Images excepted, the data below must be repeated exactly.

◆ INFORMATION PROVIDED
>>

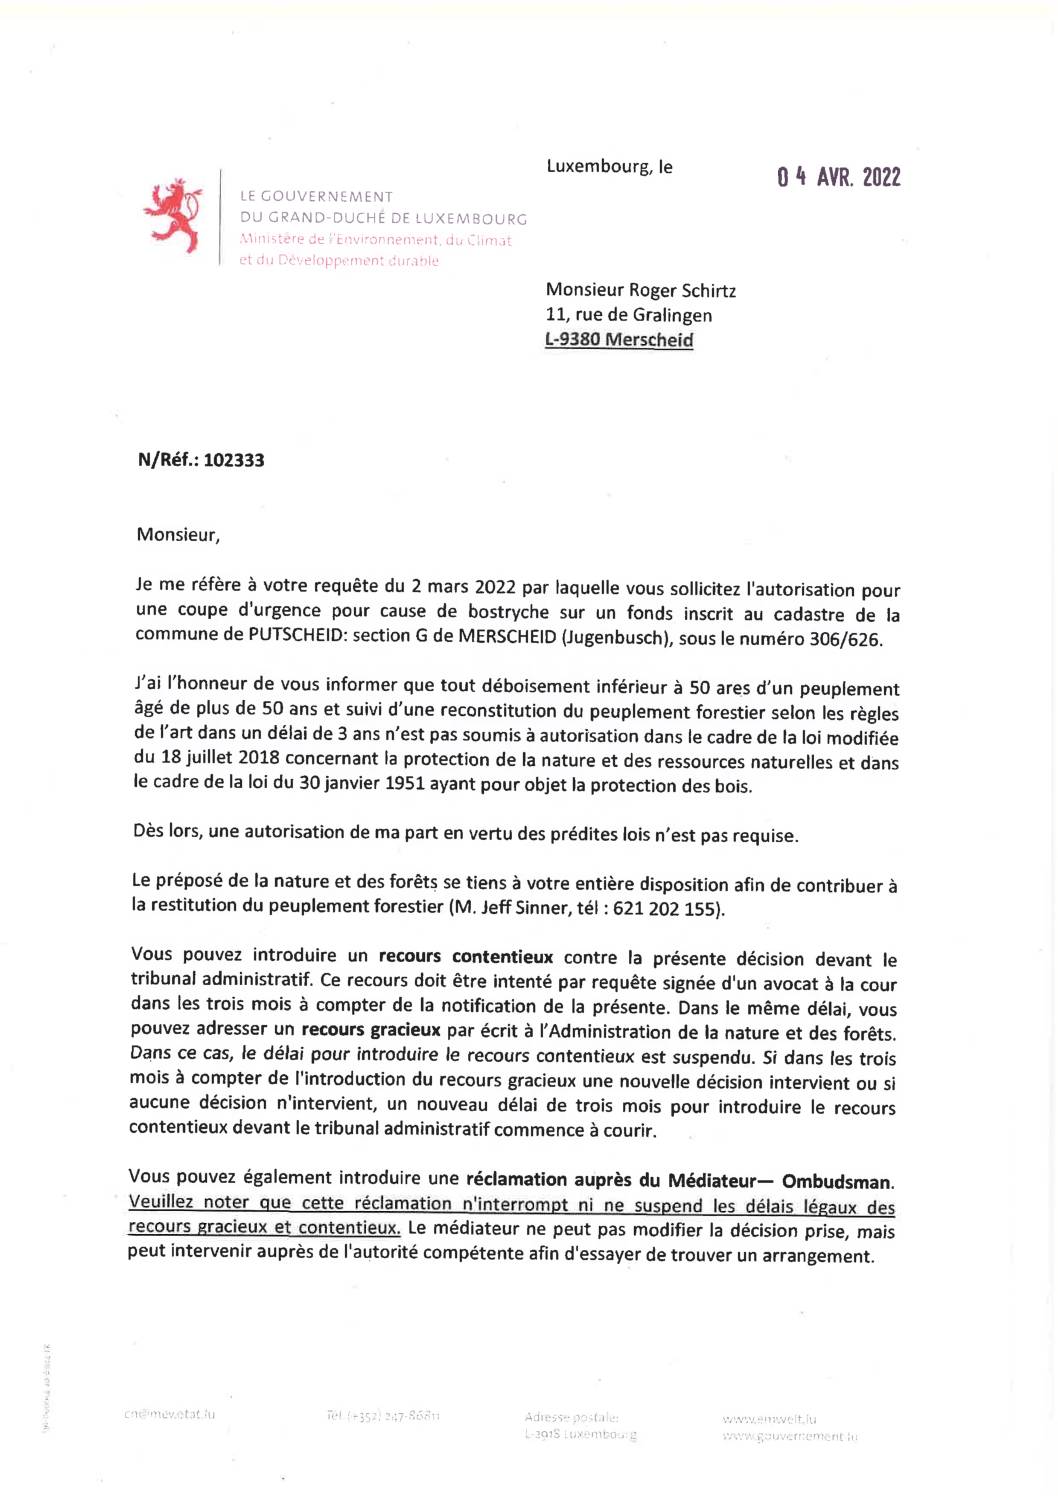 Notification de decision pour le dossier 102333 Coupe d'urgence pour cause de Bostryche - Jugenbusch
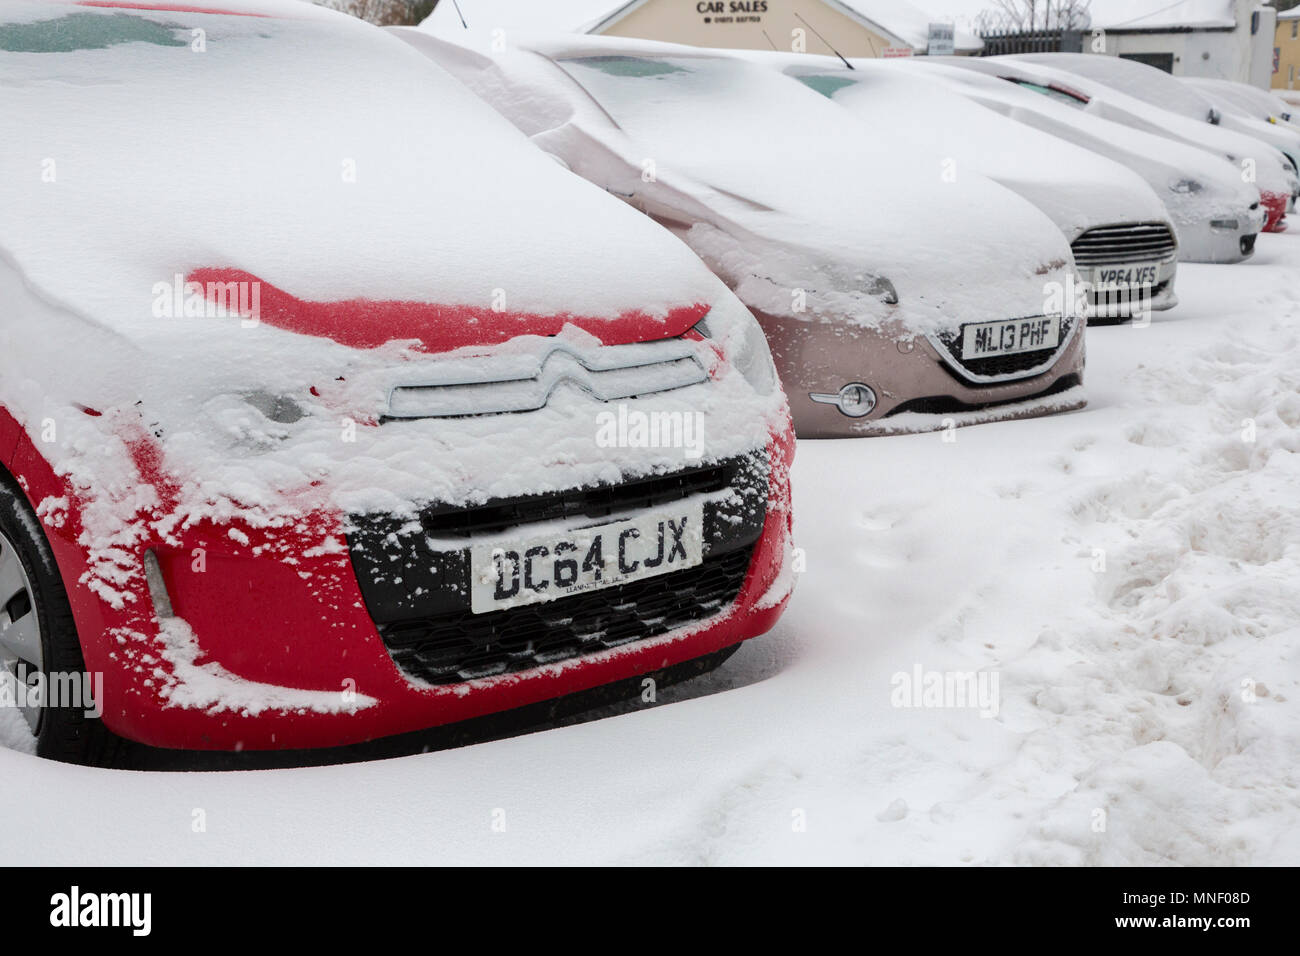 Achat voitures en exposition avant-cour couverte de neige, Llanfoist. Abergavenny, Pays de Galles, Royaume-Uni Banque D'Images
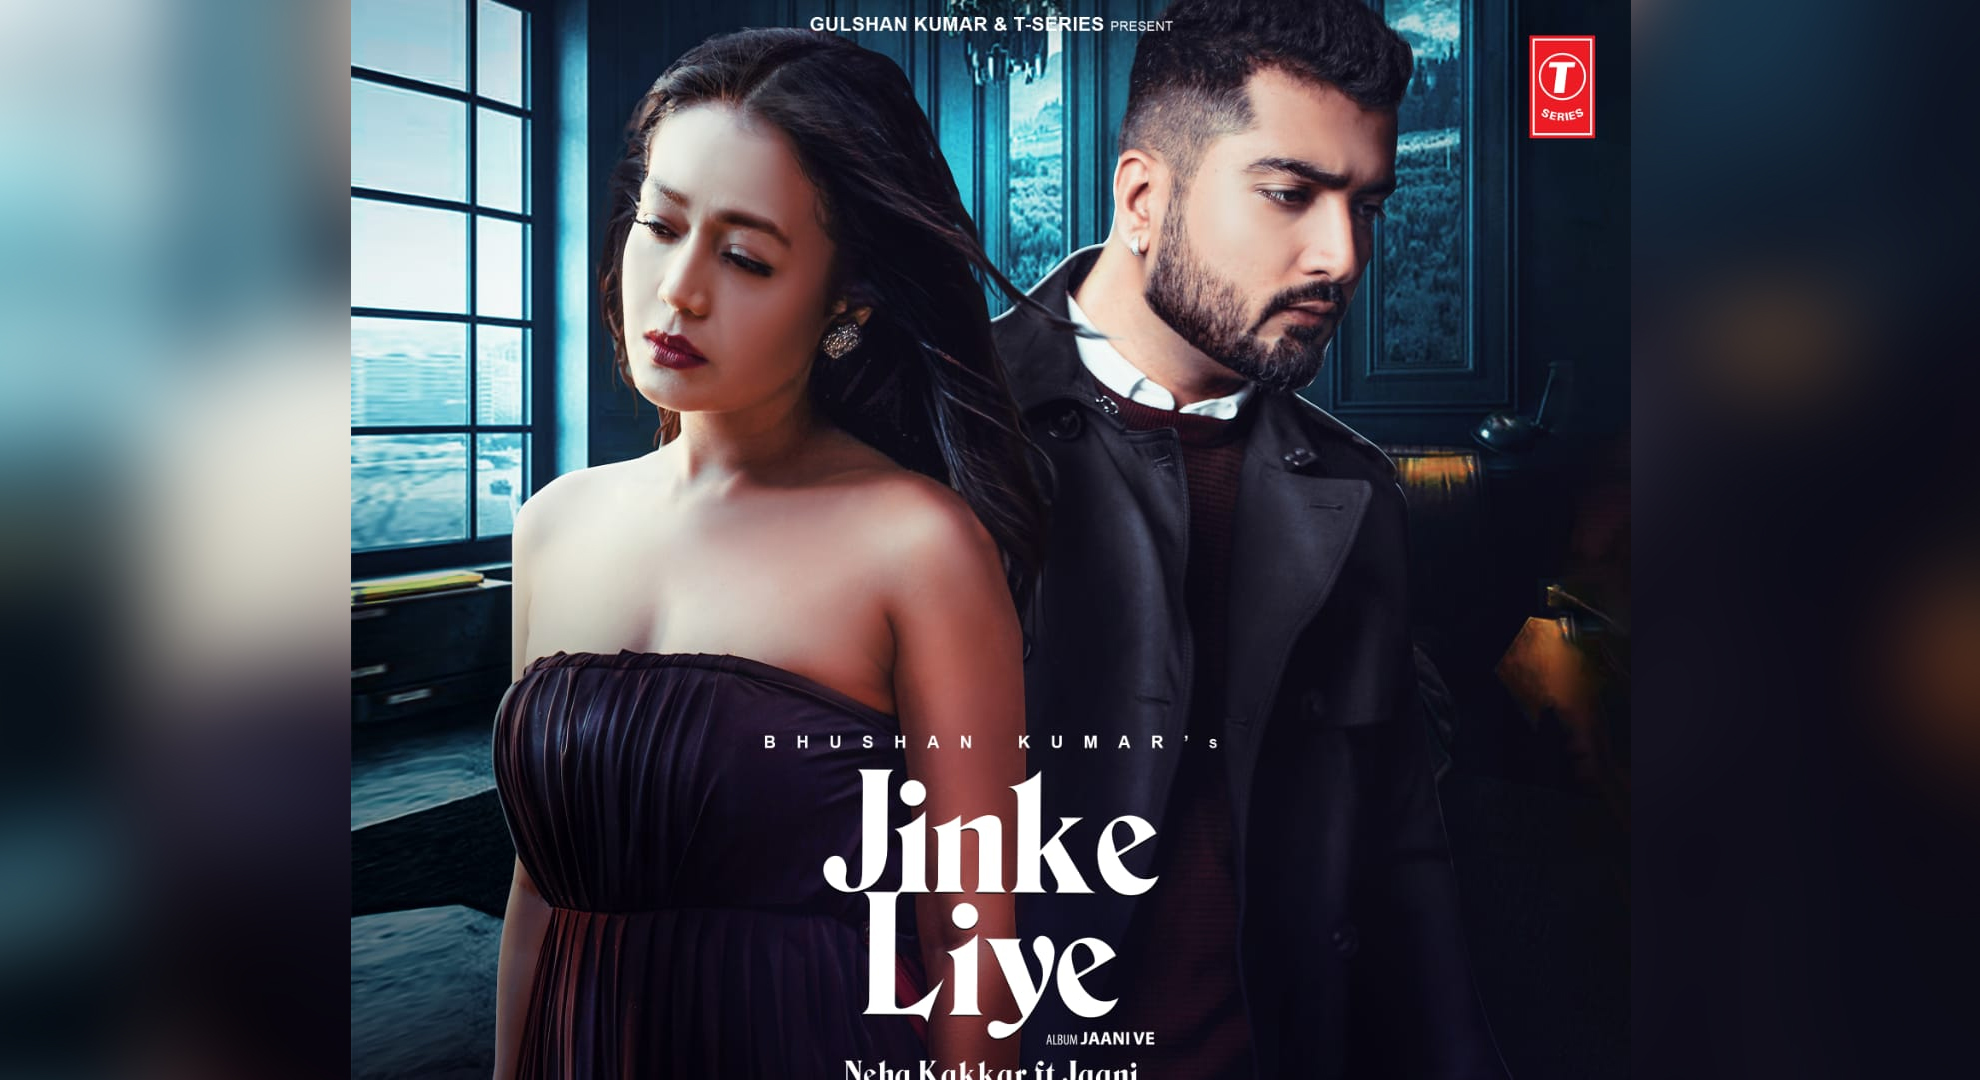 Neha Kakkar and Jaani’s next – a heartbreak anthem Jinke Liye Out now on T-Series’ YouTube channel

<<

◆ RESPONSE TO THIS TASK
 Notification de decision pour le dossier 102333 Coupe d'urgence pour cause de Bostryche - Jugenbusch
 Achat voitures en exposition avant-cour couverte de neige, Llanfoist. Abergavenny, Pays de Galles, Royaume-Uni Banque D'Images
 Neha Kakkar and Jaani’s next – a heartbreak anthem Jinke Liye Out now on T-Series’ YouTube channel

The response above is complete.